THE INPUT:
BEGIN
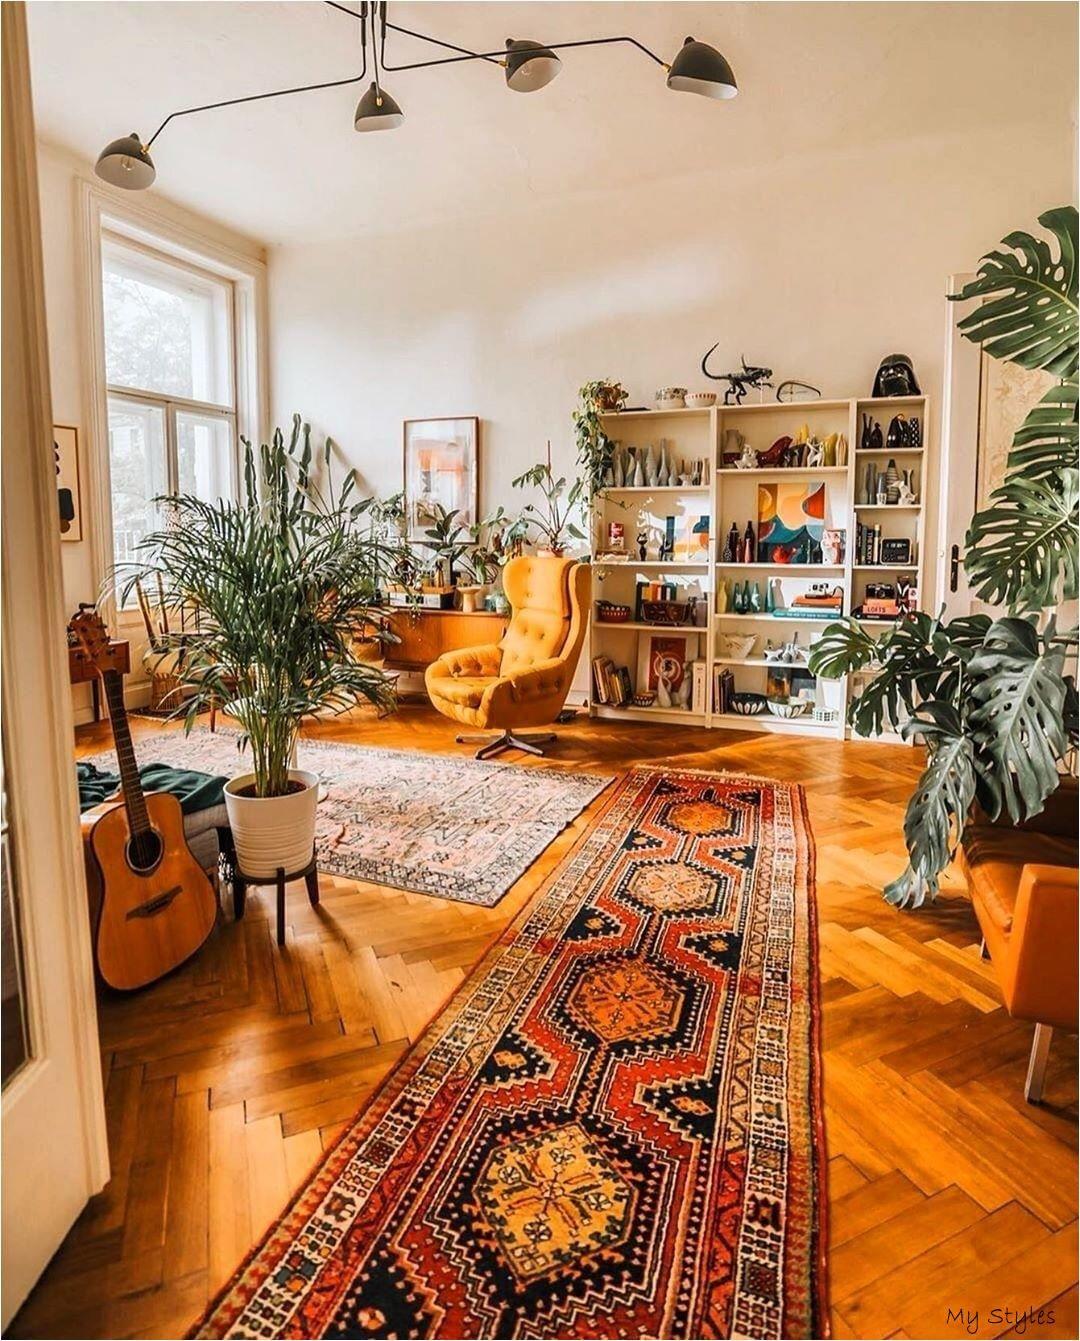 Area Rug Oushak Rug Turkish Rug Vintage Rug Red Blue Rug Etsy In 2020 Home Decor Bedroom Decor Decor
END
BEGIN
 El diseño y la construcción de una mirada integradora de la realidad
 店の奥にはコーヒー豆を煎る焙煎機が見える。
END
Among the lines above, repeat exactly those from the line with "El diseño y" to the line with "店の奥にはコーヒー豆を煎る焙煎機が見える。", counting both ends.

 El diseño y la construcción de una mirada integradora de la realidad
 店の奥にはコーヒー豆を煎る焙煎機が見える。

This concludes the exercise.